- [Given information]:
****************************************

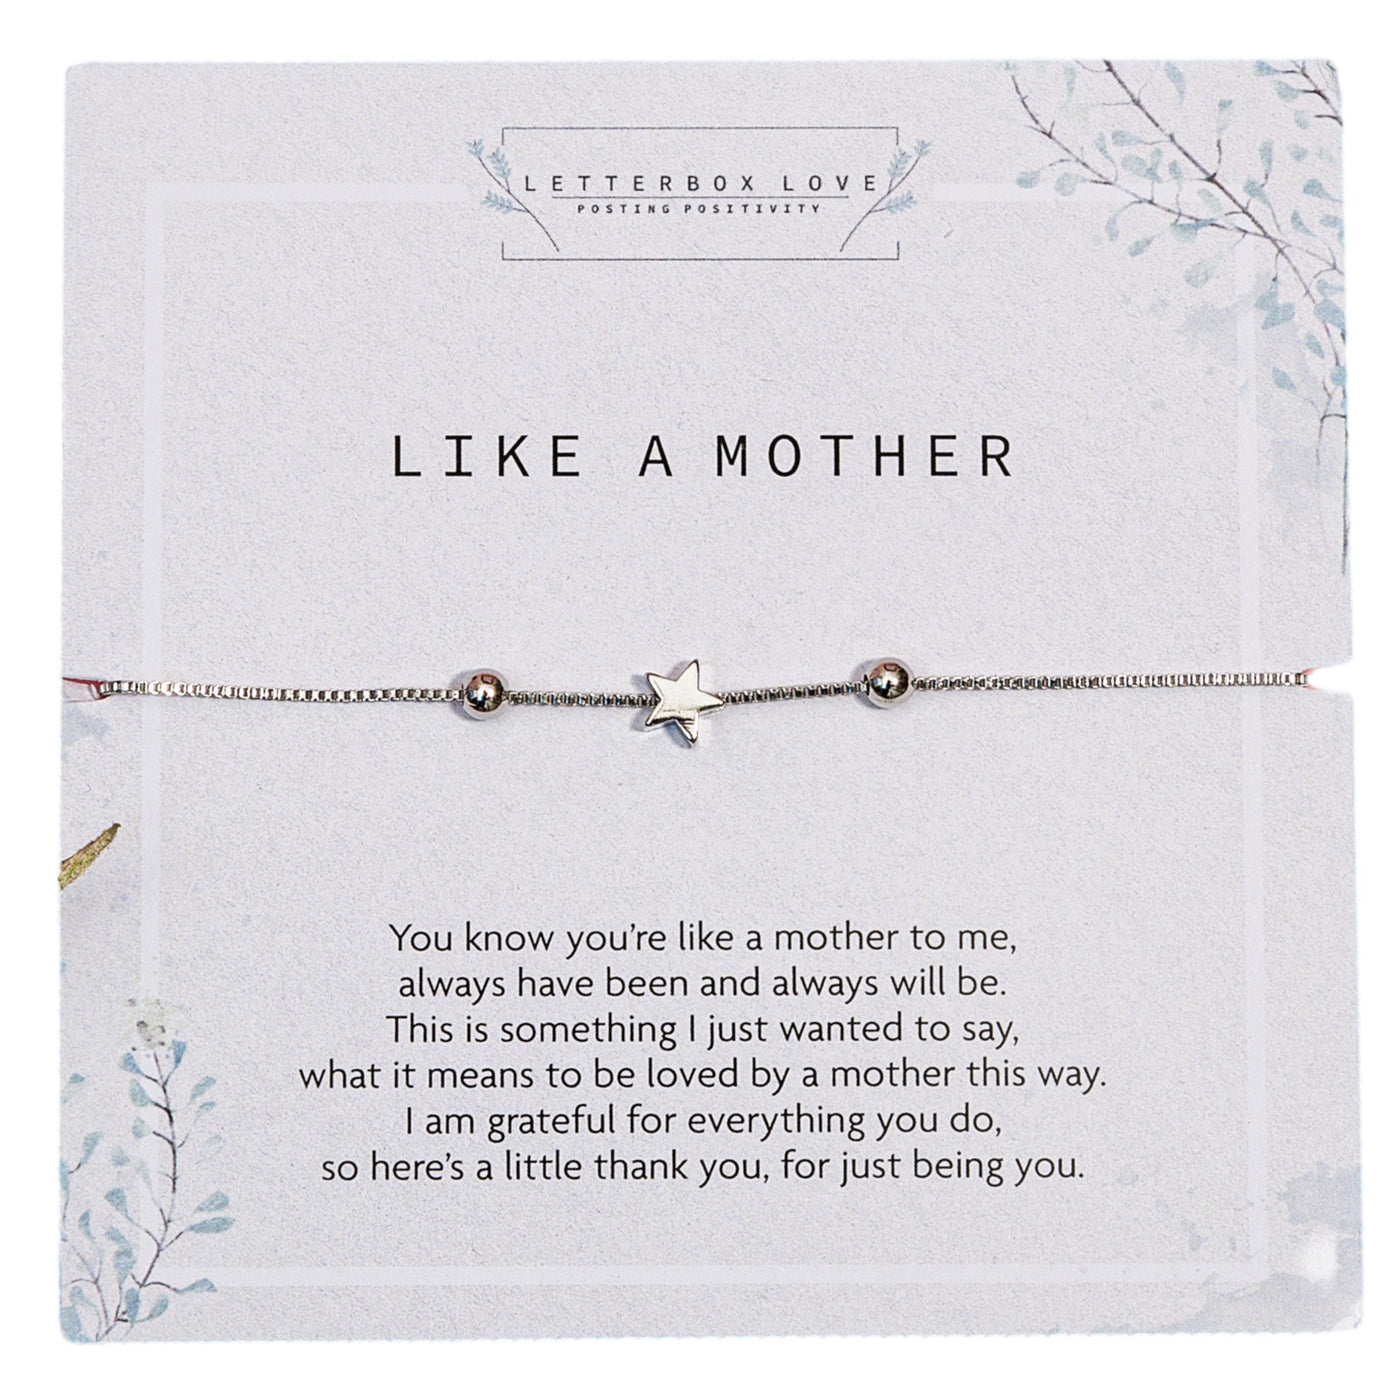 A silver bracelet with a central star charm and two small spherical beads presented on a card with the title 'LIKE A MOTHER' in bold letters. Below the bracelet, a heartfelt poem expresses gratitude and love to a motherly figure. The card's background is white with delicate, grey botanical illustrations,
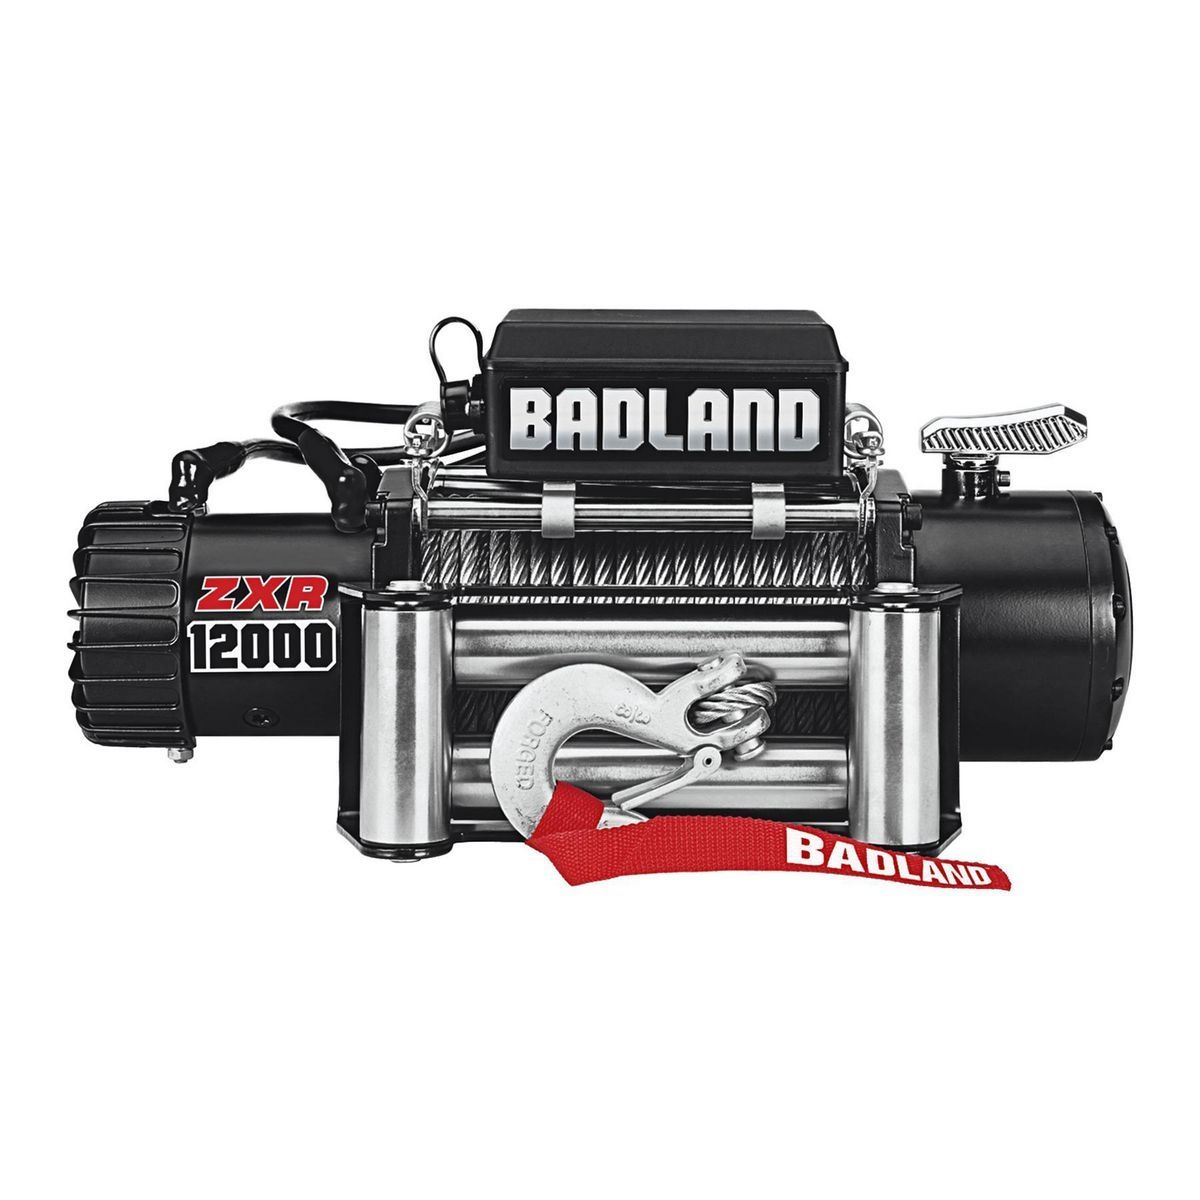 12,000 lb. Winch with Wire Rope on Sale At Harbor Freight Tools
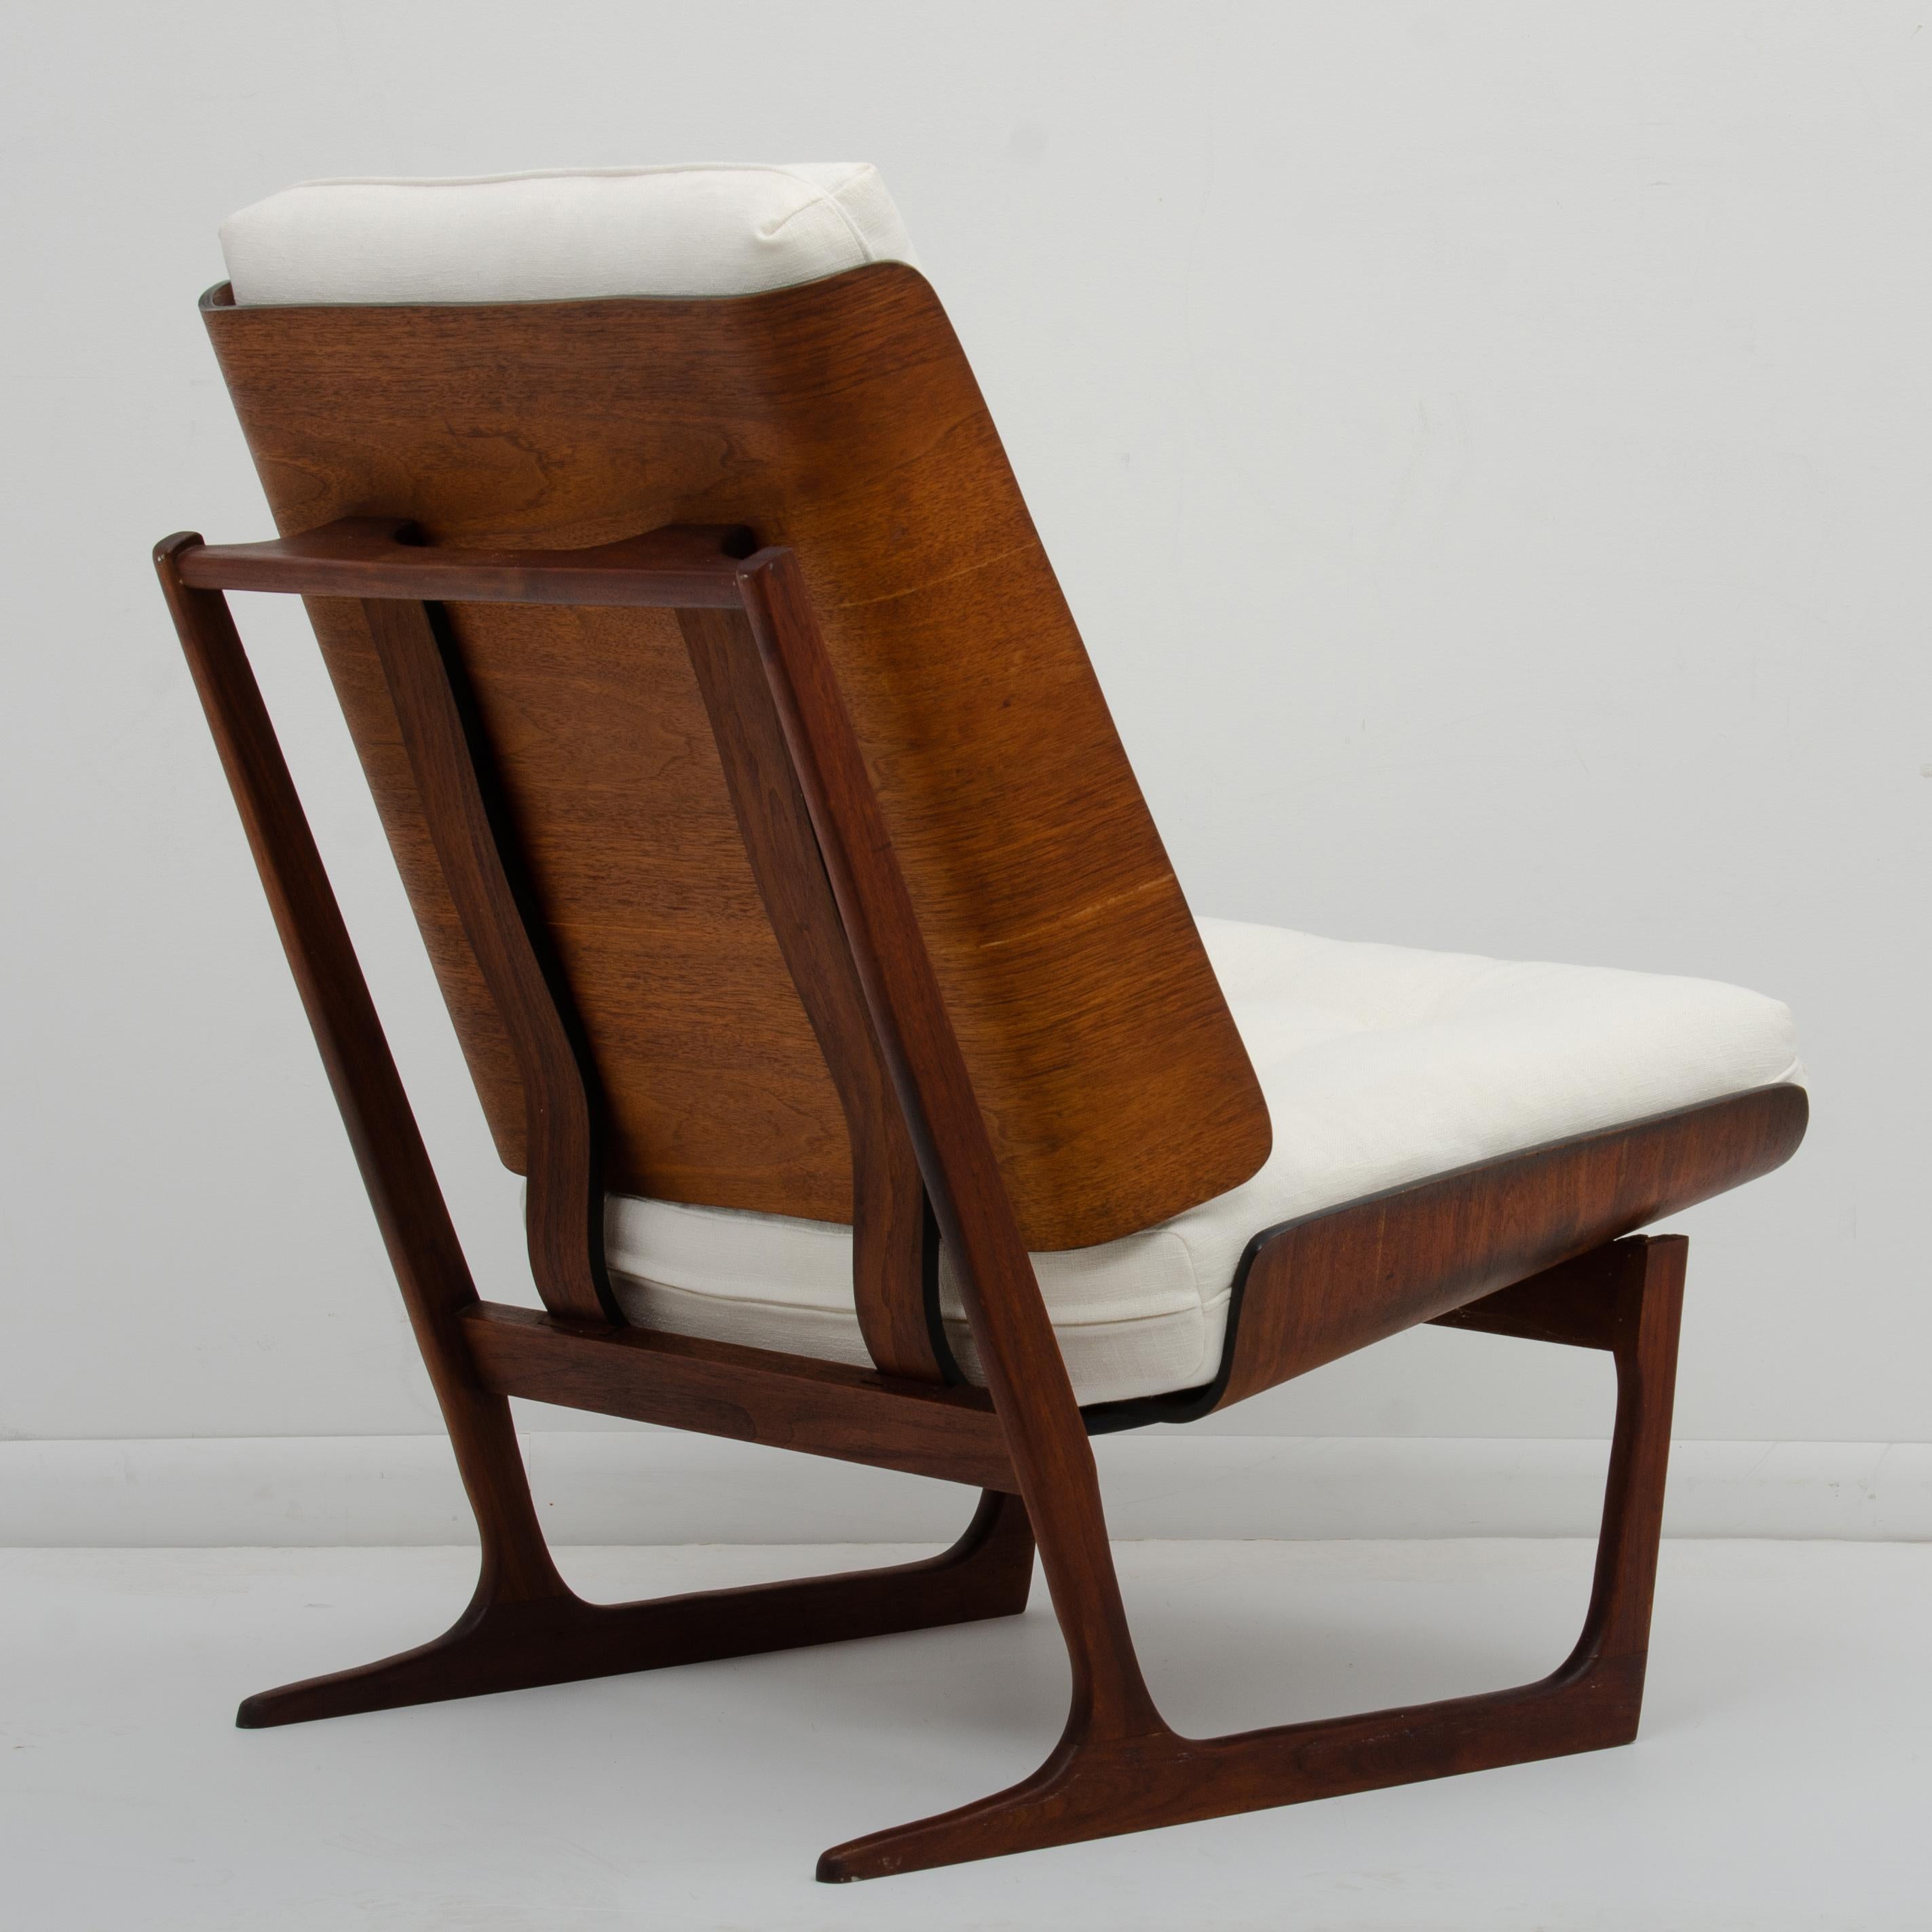 American Hans Juergens Deco House Walnut Sled Lounge Chair Grete Jalk, 1960s

****************************************

- [Action item]: What you print must be exactly the lines from the one containing "12,000 lb. Winch" through the last line of the material, and no pictures.

- [Your solution]:
 12,000 lb. Winch with Wire Rope on Sale At Harbor Freight Tools
 American Hans Juergens Deco House Walnut Sled Lounge Chair Grete Jalk, 1960s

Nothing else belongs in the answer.